This is the first study demonstrating geographical variation in current opinions of neonatal providers with regards to periviable neonatal resuscitation practices within the United States. While there is a general agreement on resuscitation of infants of 23 weeks being the youngest age that most providers are willing to attempt resuscitation on if the parents want it and 25-weeks being the youngest age that most consider should always be resuscitated even if the parents are opposed to it, the authors found statistically significant regional variation on resuscitation practices of 22-week gestation infants. In addition, the southern region of the United States appears to contain many more providers who believe that infants of 24-week gestation should always be resuscitated, even if the parents are opposed. Interestingly, this variability is not dictated by official state legislature pertaining to limits on elective termination of pregnancy or viability definitions. It also is not dictated by respondent demographics, such as age, religious affiliation or abortion beliefs, as was demonstrated by multivariate logistic regression analysis. Instead practice varies by geographical region, elucidating the possible existence of medical “subcultures” in neonatal practice.

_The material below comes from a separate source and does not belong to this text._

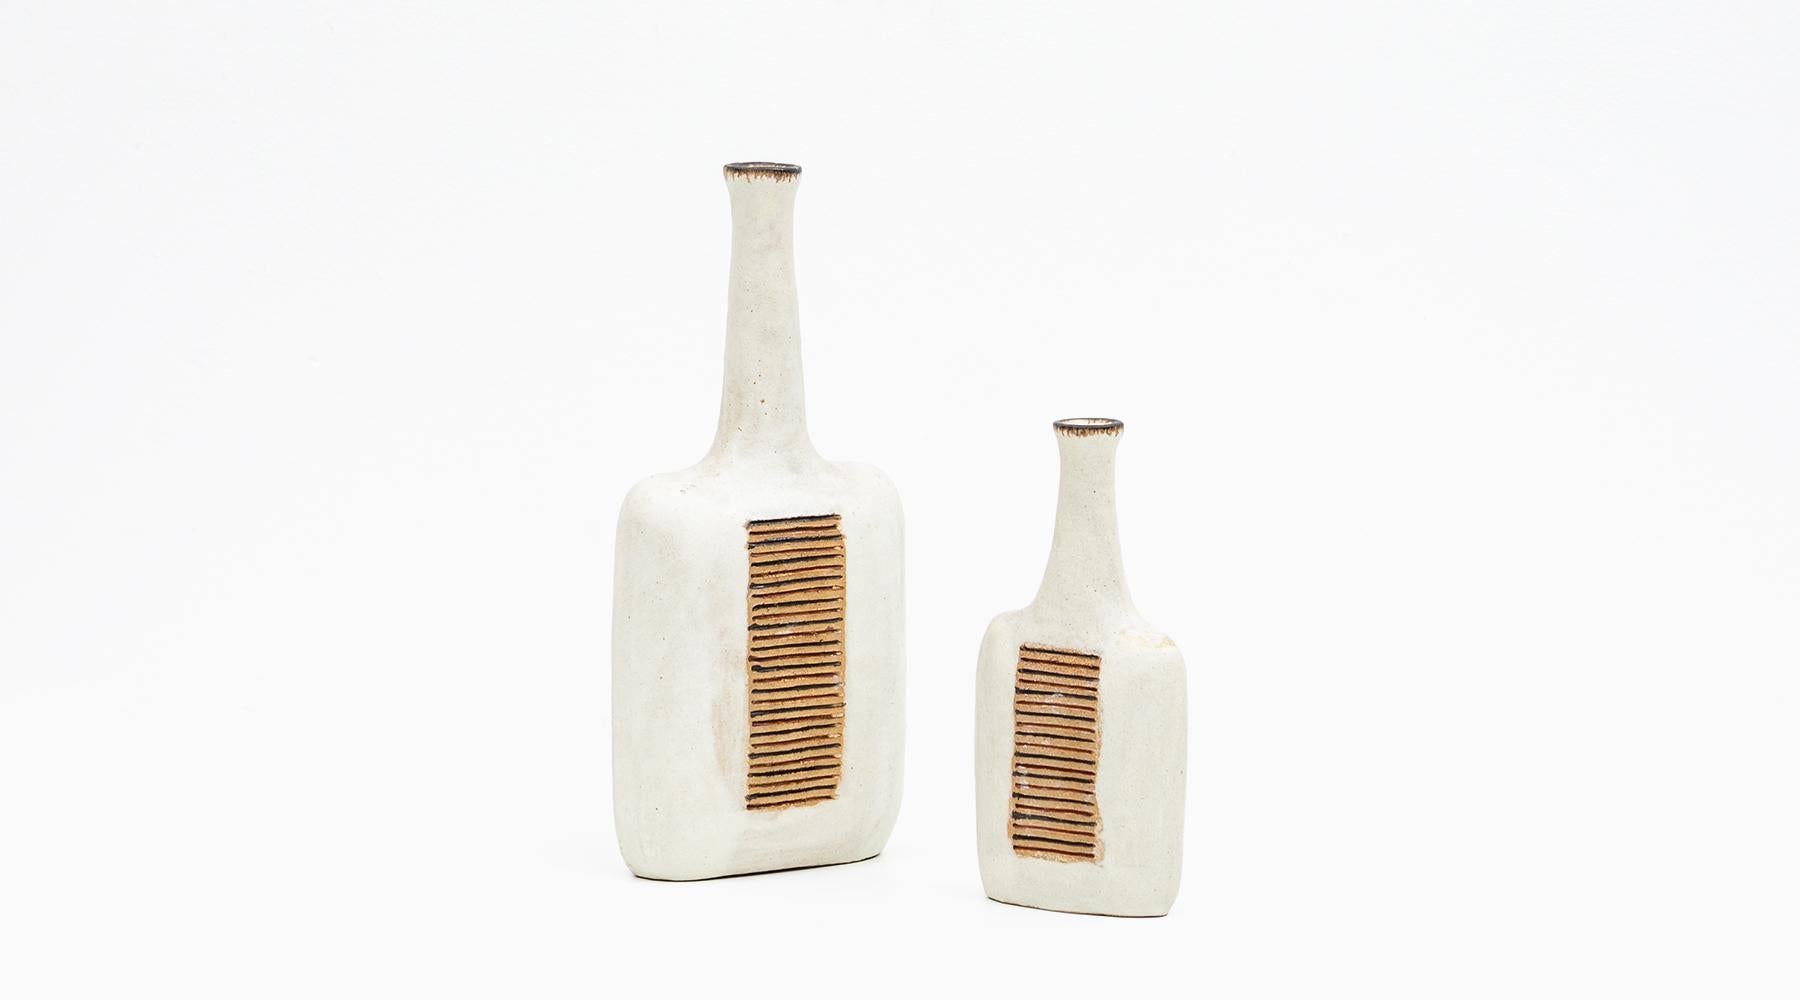 Stoneware in earth color, set of two vases, ceramic, Bruno Gambone, Italy, 1980s.

Two beautiful organic objects made of ceramic. The multifaceted artist Bruno Gambone was a master of his handcraft. Both vases have a relief detail in mustard and

Geographical variation in medical practice is a phenomenon well described in the adult literature in a variety of conditions, from myocardial infarction to breast-cancer treatment and cesarean delivery rates.[15] [16] [17] More general variation in overall physician expenditure has also been described.[18] Such wide variability fuels the debate over what constitutes usual clinical practice and what can be perceived to be medically appropriate in any given situation. In the case of neonatal resuscitation, what is considered acceptable medical practice has been left to the states and is not consistent, as illustrated in cases such as Miller v HCA [19] and Montalvo v Borkovecit.[20] It can be argued that such variation in what is judged to be acceptable can be seen as a violation of the ethical principle of justice when it occurs in the context of life and death decisions of extremely premature infants. There is ambivalence over the innate moral value of a preemie,[13] which can partly explain why such variability exists. However, why it seems to be geographically based is a harder question to answer and requires further research to tease out underlying themes. Possibilities include how providers are trained, overarching local philosophies, and also access to resources as well as outcomes data. In regards to current survival outcomes, while it may be a factor influencing decisions to attempt resuscitation of extremely premature infants, it must be recognized that this data are affected by aggressiveness of resuscitation as well as providers' willingness to withhold or withdraw medical treatments. Therefore, any scrutiny of statistics related to mortality at the limit of viability should be considered in this context.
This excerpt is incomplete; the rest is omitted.